Over at the rope corral, where Jim and Skinhead were green-breaking more horses, Skinhead assured Mac, “It’s as good as a promise, coon. You’ve got his word. Sure,” he gave a mock scowl, “you have to get down the river and back with your hair, and some horses, first.”

Mac didn’t know what to do. Jim and Skinhead were looking at him with stupid smiles. He decided to kick up his heels. He jumped up, whacked his heels together, and cried, “Whoopee!”

Chapter 8

September, 1843, Plum moon

The storeroom reeked with familiar smells, smells that took Mac Maclean back to his childhood—sweet, dark sorghum from Louisiana, musky hemp from Mexico, fragrant Virginia tobacco, Mexican cocoa with cinnamon, and coffee beans roasted New Orleans-style with chicory.

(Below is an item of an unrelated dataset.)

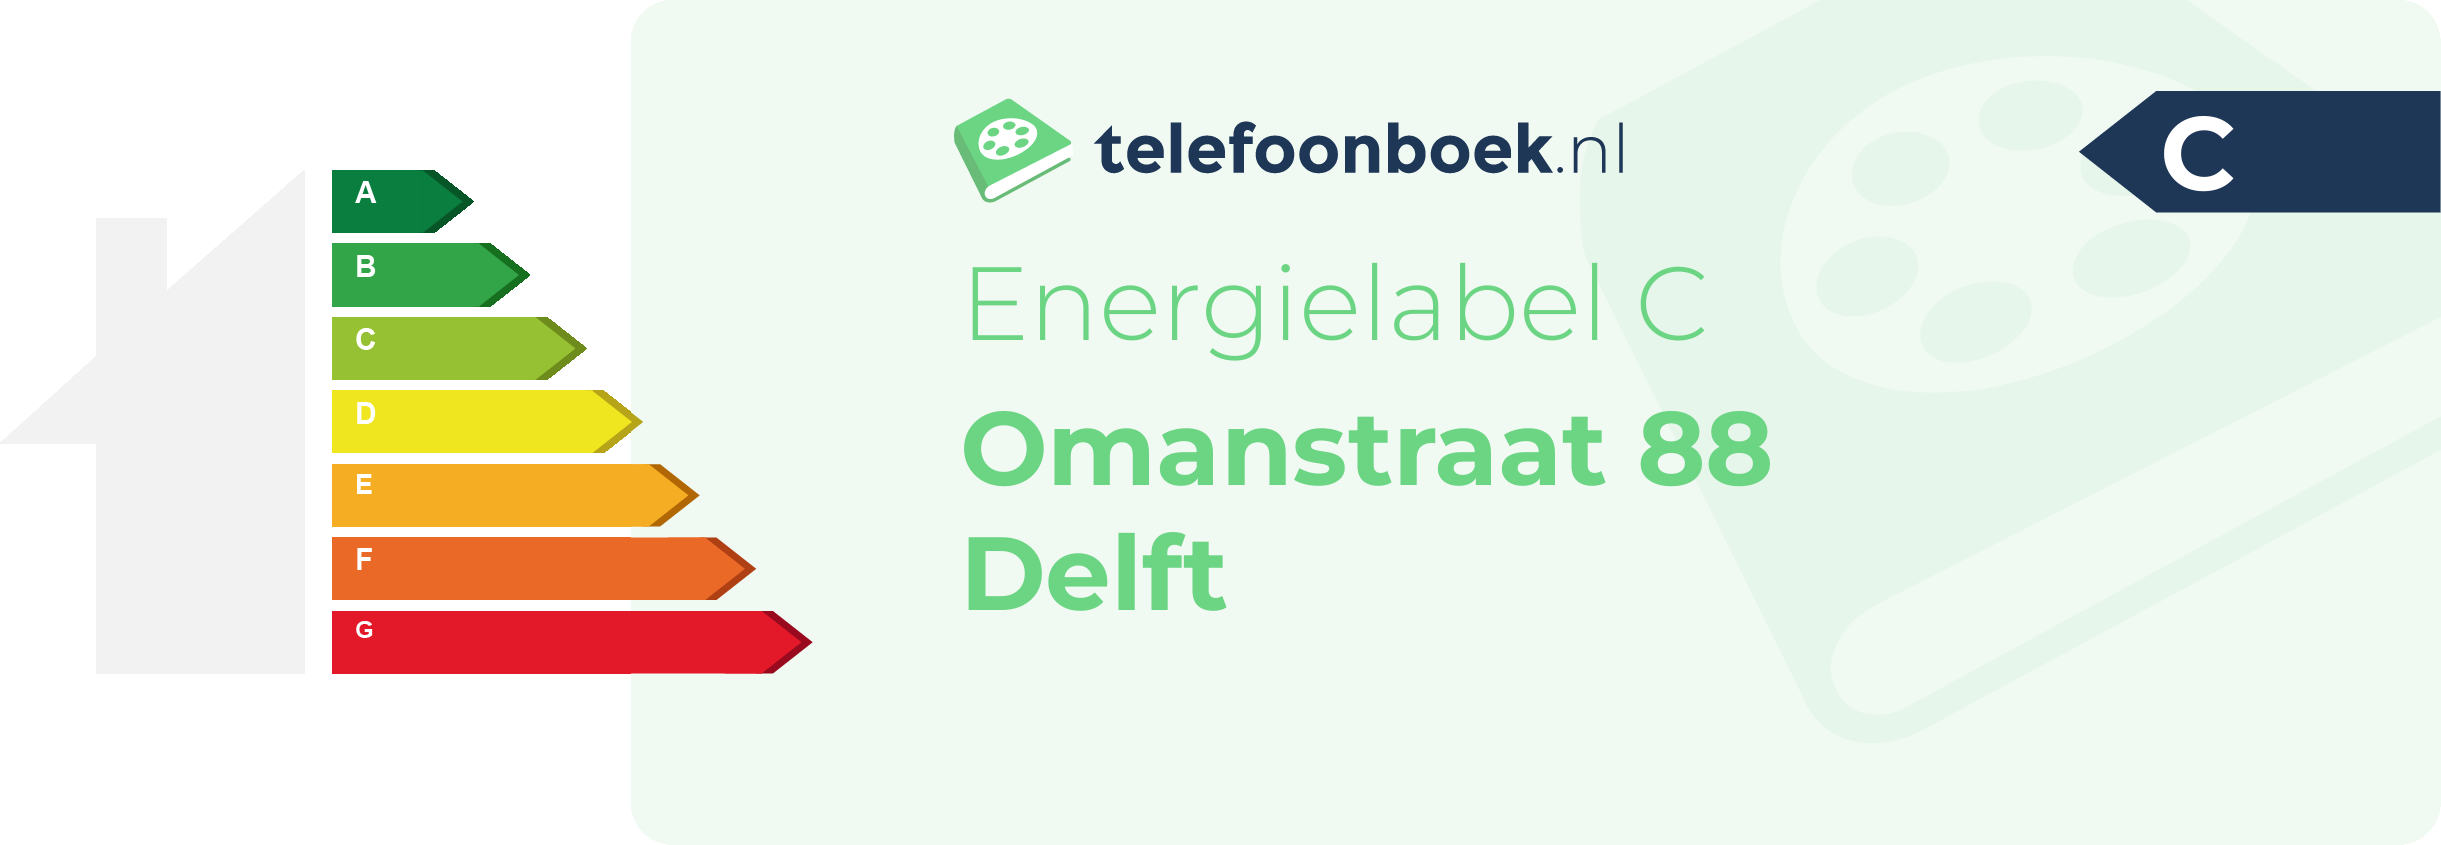 Energielabel Omanstraat 88 Delft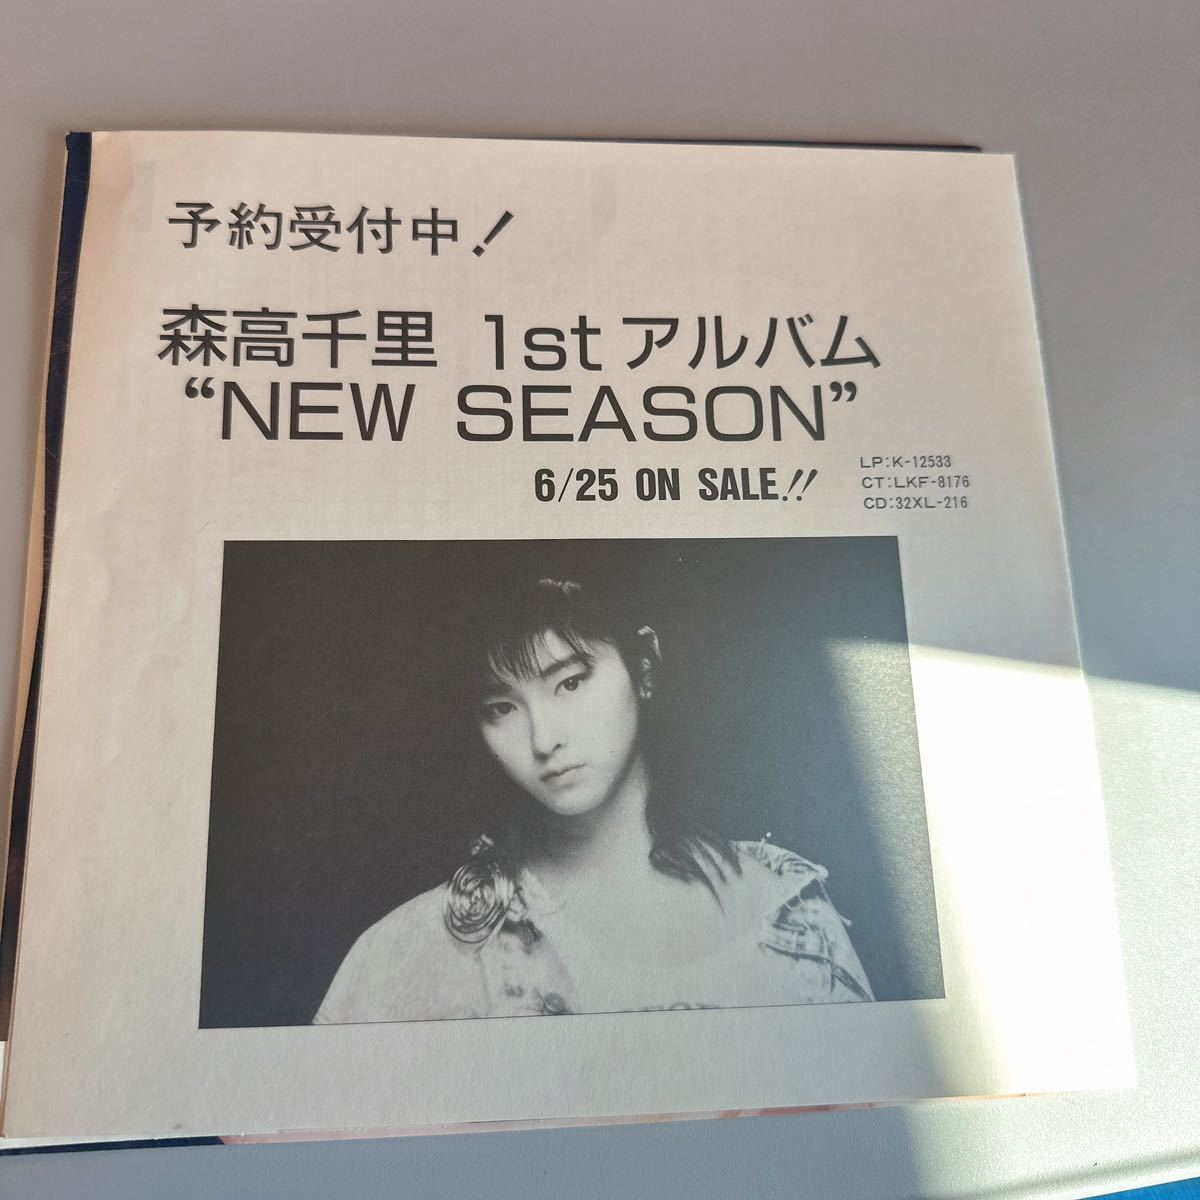 稀少シングルEP!! 森高千里 CHISATO MORITAKA NEW SEASON ピリオド デビューシングル K-1564 レコード 邦楽 あいつに恋して 1987年作品_画像3

Mac had let himself in the back way because he wanted to remember for a moment before seeing his uncle, to stand here and drink it in. He was taken aback by how sharp these smells seemed, how overwhelming to a nose accustomed to the plains. Standing here in the half light, he felt a little tremulous, a shy eight-year-old again.

He went out into the main store. Uncle Hugh had expanded it—he must have bought the little milliner’s shop next door and taken out the wall. The store seemed to Mac a dazzling show of the wealth of the white man—bolts of calico, ticking, wool, kegs of nails, hammers, planes, drills, mirrors, needles, awls, oil lamps, ready-made canvas pants, even some with a buttoning fly instead of a drop front. Uncle Hugh didn’t miss a step.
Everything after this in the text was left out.